Obama later abandoned the idea of hosting elements of the US missle defense system in Central Europe, with the justification that the threat from Iran could now be countered by shorter-range systems. According to a Sept. 19, 2009, statement posted on the website of the US Embassy in Prague, the US Secretary of Defense and Joint Chiefs of Staff recommended to Obama that he revise the Bush Administration’s 2007 plan for missile defense in Europe as part of an ongoing comprehensive review of US missile defenses mandated by Congress.

“The intelligence community now assesses that the threat from Iran’s short- and medium-range ballistic missiles is developing more rapidly than previously projected, while the threat of potential Iranian intercontinental ballistic missile (ICBM) capabilities has been slower to develop than previously estimated,” the statement said, which pointed to technological advances since the Bush Administration formed the plan relating to Central Europe. 

“The new distributed interceptor and sensor architecture also does not require a single, large, fixed European radar that was to be located in the Czech Republic; this approach also uses different interceptor technology than the previous program, removing the need for a single field of 10 ground-based interceptors in Poland.
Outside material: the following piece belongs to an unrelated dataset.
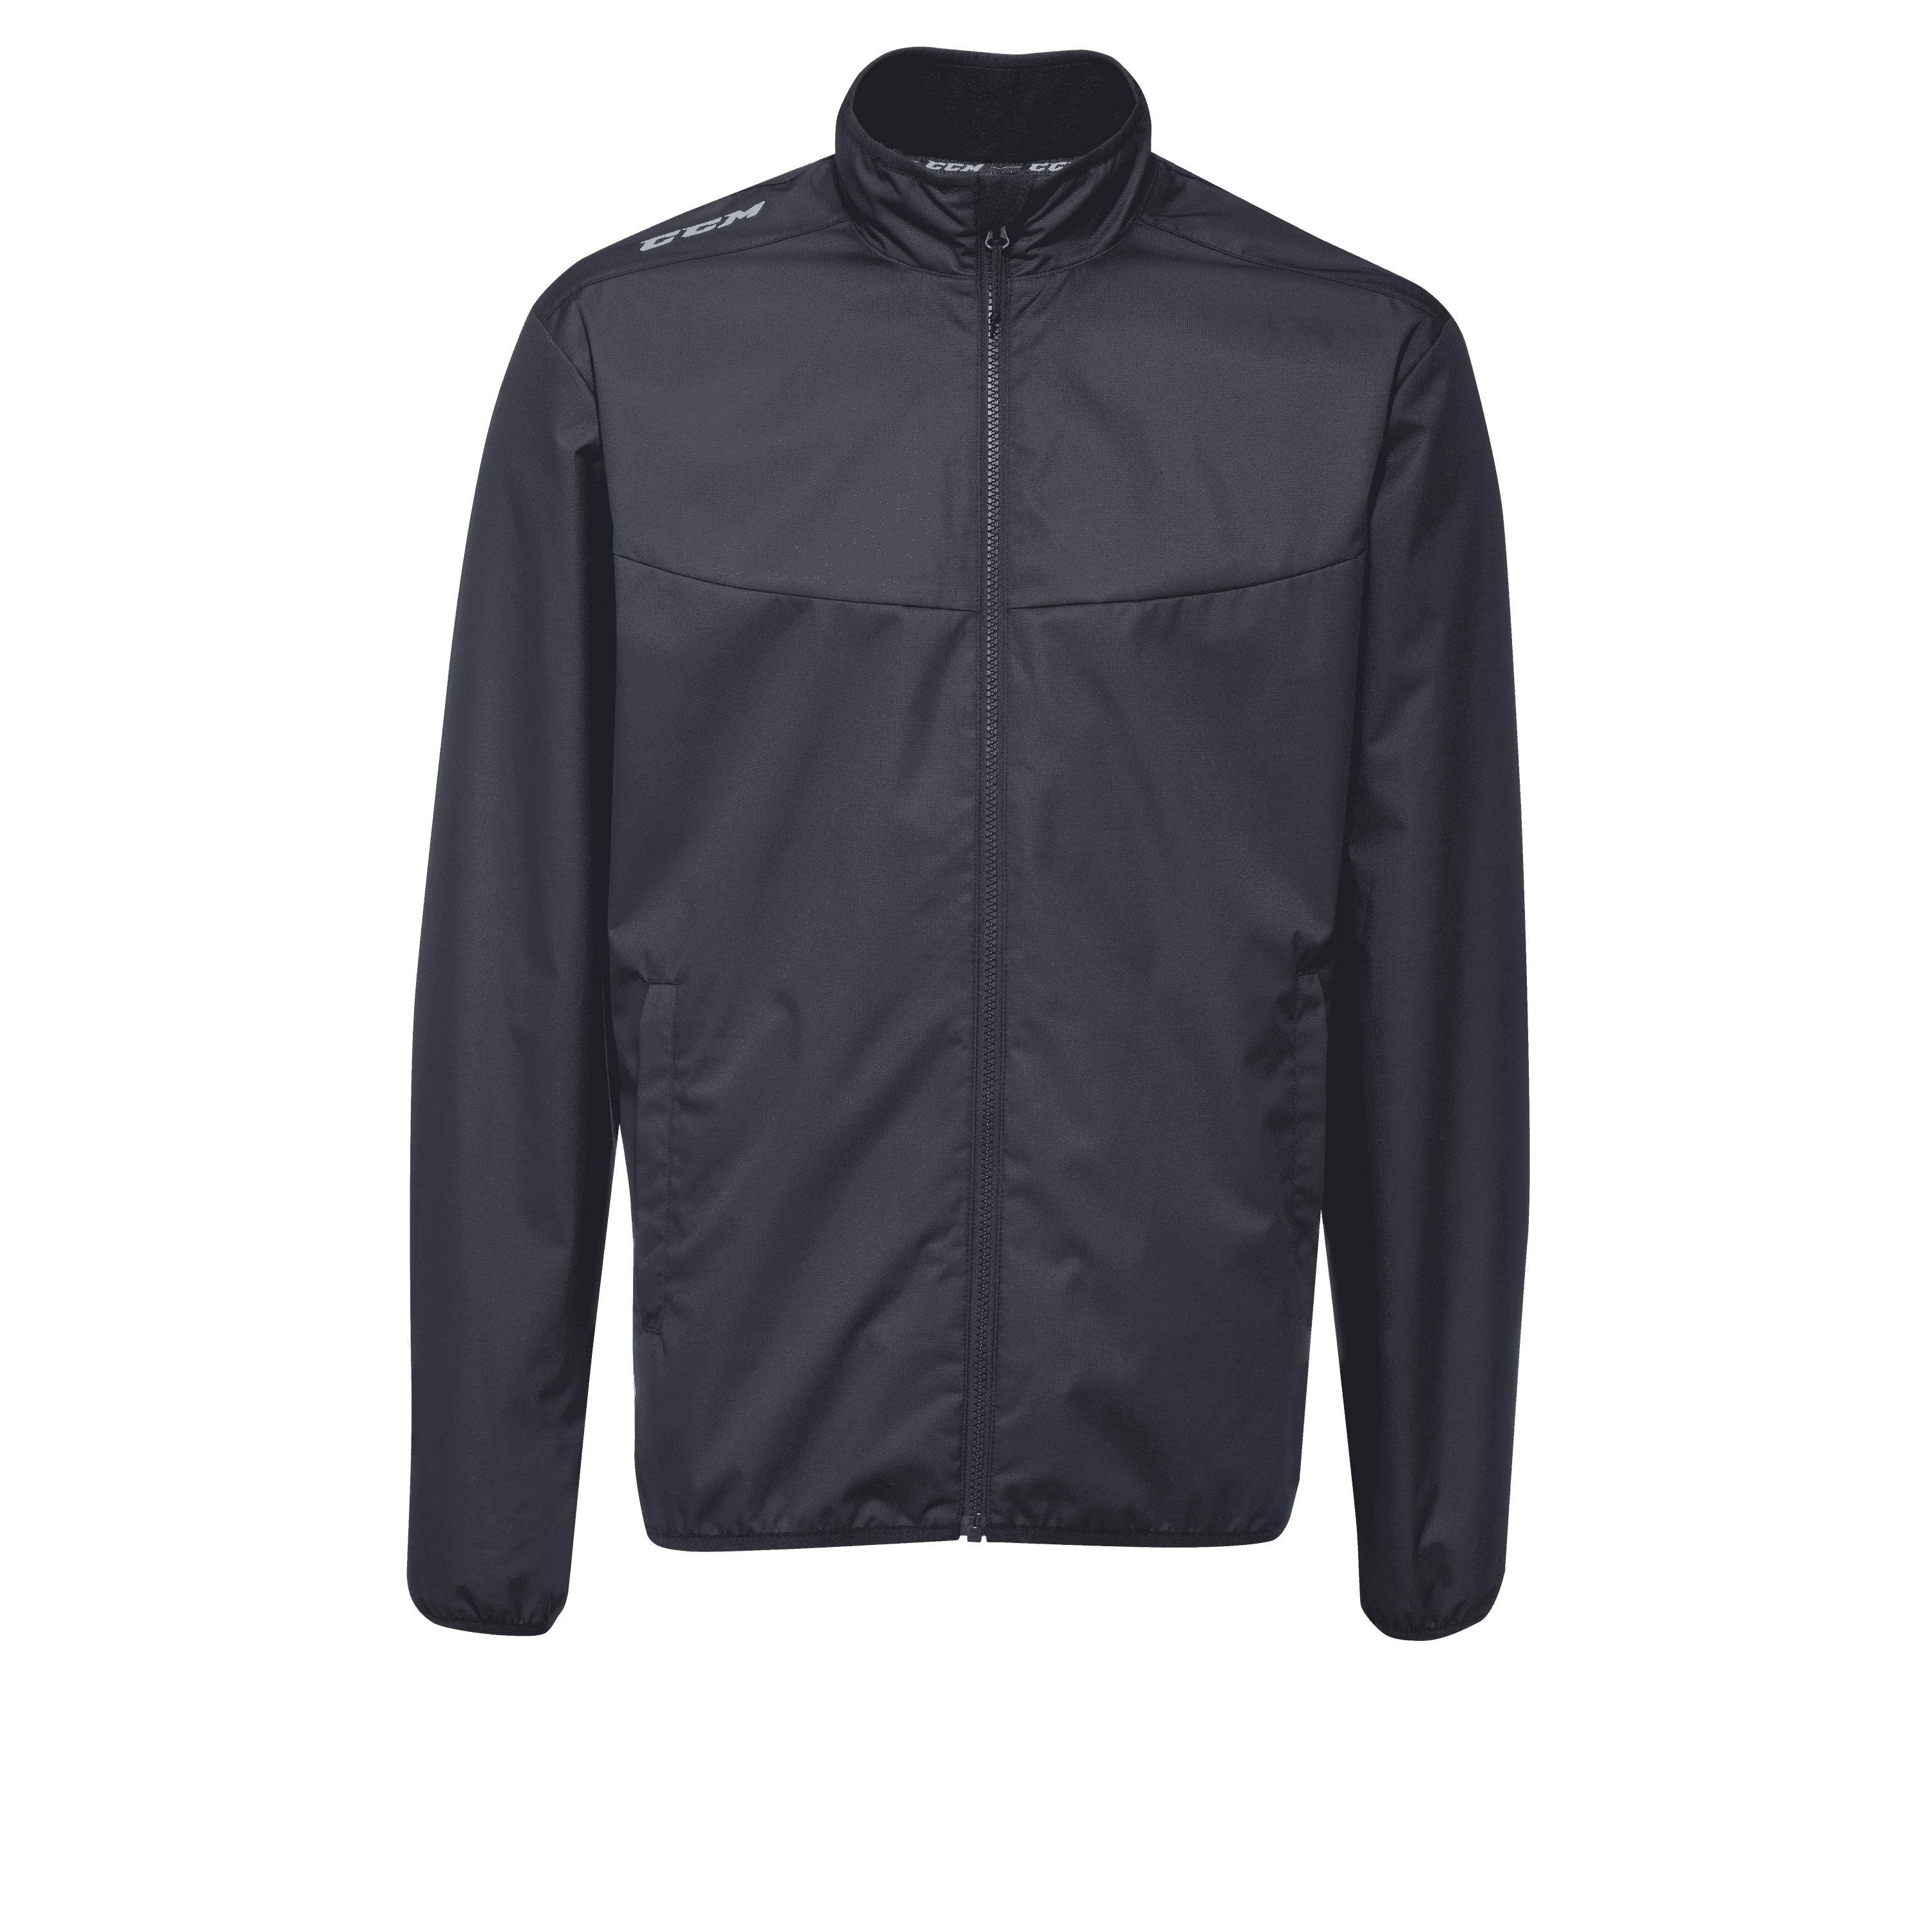 Teamwear CCM HD Suit Jacket 2.0 SR J4786

Therefore, the Secretary of Defense recommended that the United States no longer plan to move forward with that architecture,” the statement continued.
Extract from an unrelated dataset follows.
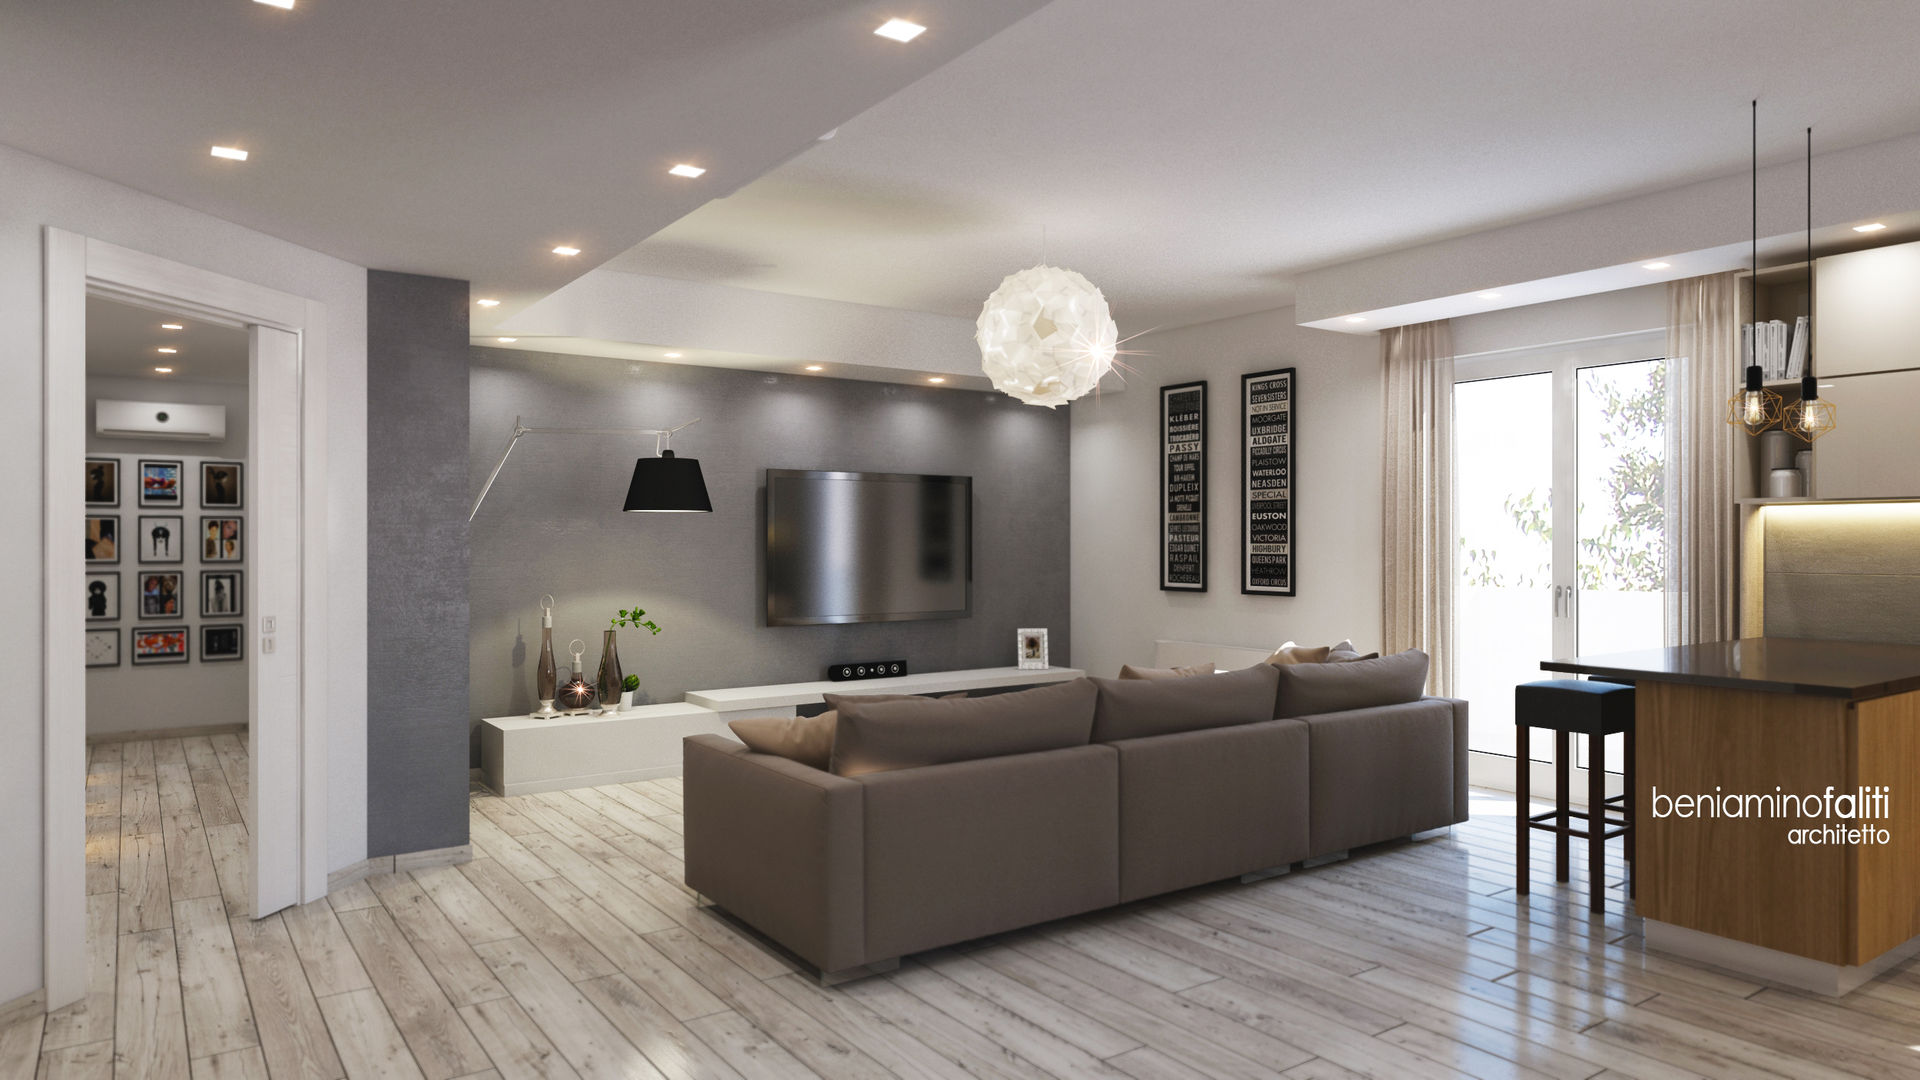 Ristrutturazione appartamento con linee moderne , Beniamino Faliti Architetto Beniamino Faliti Architetto Modern living room

Technological capabilities aside, the move was widely seen as a crucial to improving bilateral relations with Moscow.

... New START begins today

The centrepiece of Obama’s speech in Prague was a declaration that because the United States had a “moral responsibility” to work toward securing “a world without nuclear weapons” because it had dropped two atom bombs on Japan in 1945, calling nuclear warheads the “most dangerous legacy of the Cold War.”

The United States and Russia are due to formally inaugurate their new nuclear arms reduction pact today at the 47th Munich Security Conference (MSC), which runs from Feb. 4–6. US Secretary of State Hillary Clinton and her Russian counterpart, Foreign Minister Sergei Lavrov, will formally exchange the final ratification papers for the “New START” treaty — which reduces existing warhead ceilings by 30 percent over the next 10 years and limits each side to 700 deployed long-range missiles and heavy bombers.

START is an acronym for Strategic Arms Reduction Treaty. New START grew out of US President Barack Obama’s 2009 visit to Prague, where he pledged to work to rid the world of nuclear weapons, and where the treaty was later signed. It limits US and Russian strategic nuclear warheads to 1,550, a reduction from the current cap of 2,200. It also establishes protocols for a monitoring and verification system. Inspections ended when the 1991 START expired on Dec. 5, 2009. The monitoring policy dates back to the administration of US Republican President Ronald Reagan, who used the phrase “trust but verify.”